I reuse several files day by day. is there a way to mark an pin them as my favourite files?

the more files I open on a workday, my favourite files disappear from the list of recently openend files. to open them again I either have drag an drop them again from windows explorer or navigate through the tree navigator. having long paths it is annoying.



  • User_2DKLA
    User_2DKLA Member Posts: 76 Blue Ribbon

    FWIW: this will certainly not answer your question (in brief: I'm not aware of such a feature), but I do have a vast collection of SQL worksheets, some of which I reuse very frequently...

    And all I do is just leave them open.

    Over a couple of weeks, I end up having dozens of opened tabs, but in practice this is not a big problem: it doesn't slow SQL Developer startup noticeably, and the Show Open Documents List menu (*) is very fast, lexicographically sorted, easy to use, and it supports as many documents as can fit in your screen, so it's easy to find a document that you know should be there, if the corresponding tab is not directly in sight on the toolbar.

    (*) That's the name of the menu that opens if you click on the downward triangle on the right end of the toolbar.

    And of course I use Ctrl+Tab to switch between the most recently-used tabs.

    And finally, the Local History feature is enabled which (partly) removes the fear of inadvertently persisting momentary changes to some useful worksheet... It's not as bullet-proof as a version-control system—in particular, the history retention period and the number of revisions are limited—but it helps.

    I do this for SQL worksheets containing collections of queries that I run often, and occasionally modify, changing a literal here, commenting out a condition there, etc.

    There are other documents that I don't want to change in any way, because they are part of manual operating procedures, and the "documented procedure" (actually, the SQL worksheets that stand for it) should stay as is, even though the actual operations may occasionally vary. These I will close immediately, and reopen only when necessary. (I have fewer of these, and though I use them regularly, it's definitely not daily.)

    With all this, I only ever deal with the file requester for saving new SQL worksheets (File -> Save, File -> Save As...), never to open them: if a document happens not to be already open—sometimes I close tabs inadvertently—I will find it in the Windows Explorer and simply open it by drag and drop. And because file names and directory paths are persisted, SQL Developer "remembers" the most-recently used directories, which reduces navigating in directory trees considerably.

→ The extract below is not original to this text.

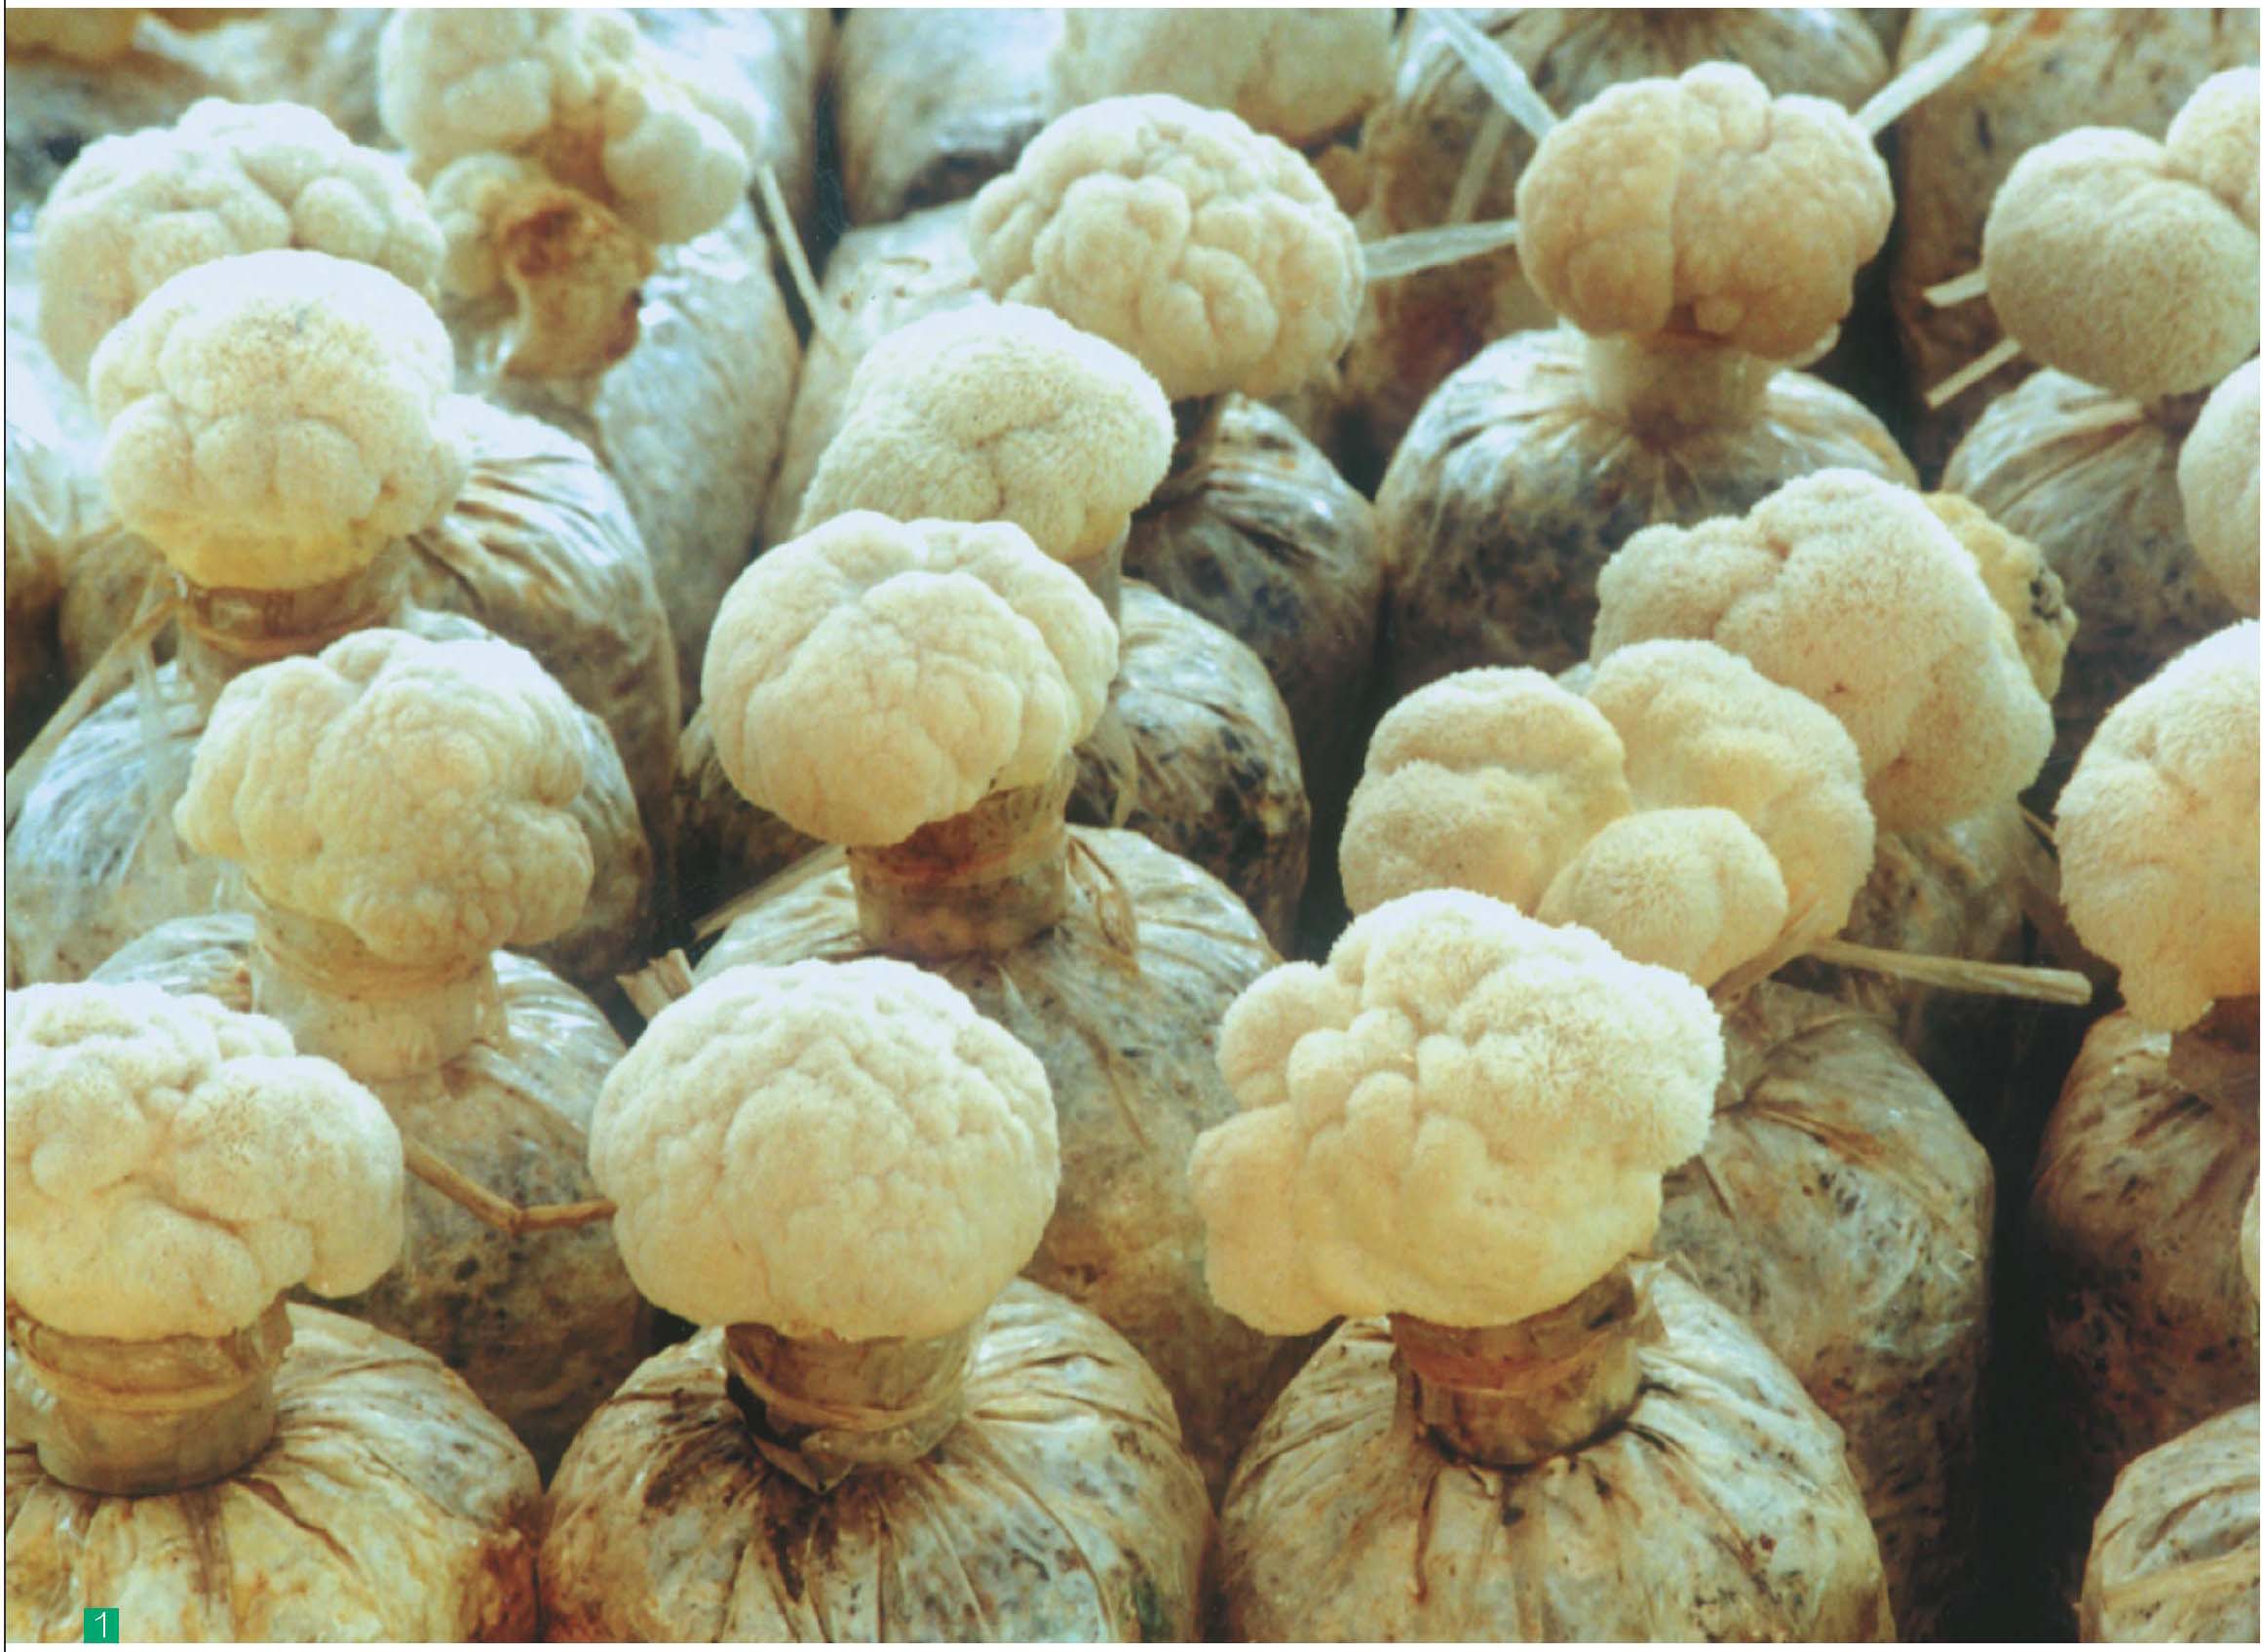 桦树茶菇在民药中用于茶或咖啡的愈合 库存图片. 图片 包括有 模式, 本质, 金属, 健康, 手帕, 概念 - 173044585

    Additionally, I always have one dedicated Windows Explorer window pre-positioned on each of the most important directories that I use daily, up to 5-6 in total, always at the same place on the Desktop, and that discipline also reduces navigation considerably, as I don't have to switch back and forth between directories often. I don't want to navigate much in directory trees in SQL Developer, and I don't want to do it in Windows either, nor in any tool in fact. Everything frequently used must be near at hand, if possible.

    That way, I don't think I would need pins to retrieve my most-frequently used SQL worksheets. Sure my SQL Developer gets a bit messy over time, eventually with dozens of opened tabs, but with Ctrl+Tab plus the Show Open Documents List menu, I quickly find the tabs that I use the most.

    (Actually, I will review the list of open documents when the number of columns in the Show Open Documents List menu gets over 3. At that stage, obviously there are plenty of unused files in the list, and a session of review-close-cleanup-the-menu is needed. BTW, there's a very handy close button for each entry in the menu, if you hover the mouse on the right end of the menu entry.)

    That said, the idea is interesting.

    Though I know that if I had such a feature, I might want to pin document after document, and finally end-up with a long and messy list of pinned files... (And soon someone would request a feature enabling to sort / categorize / colorize the pins.)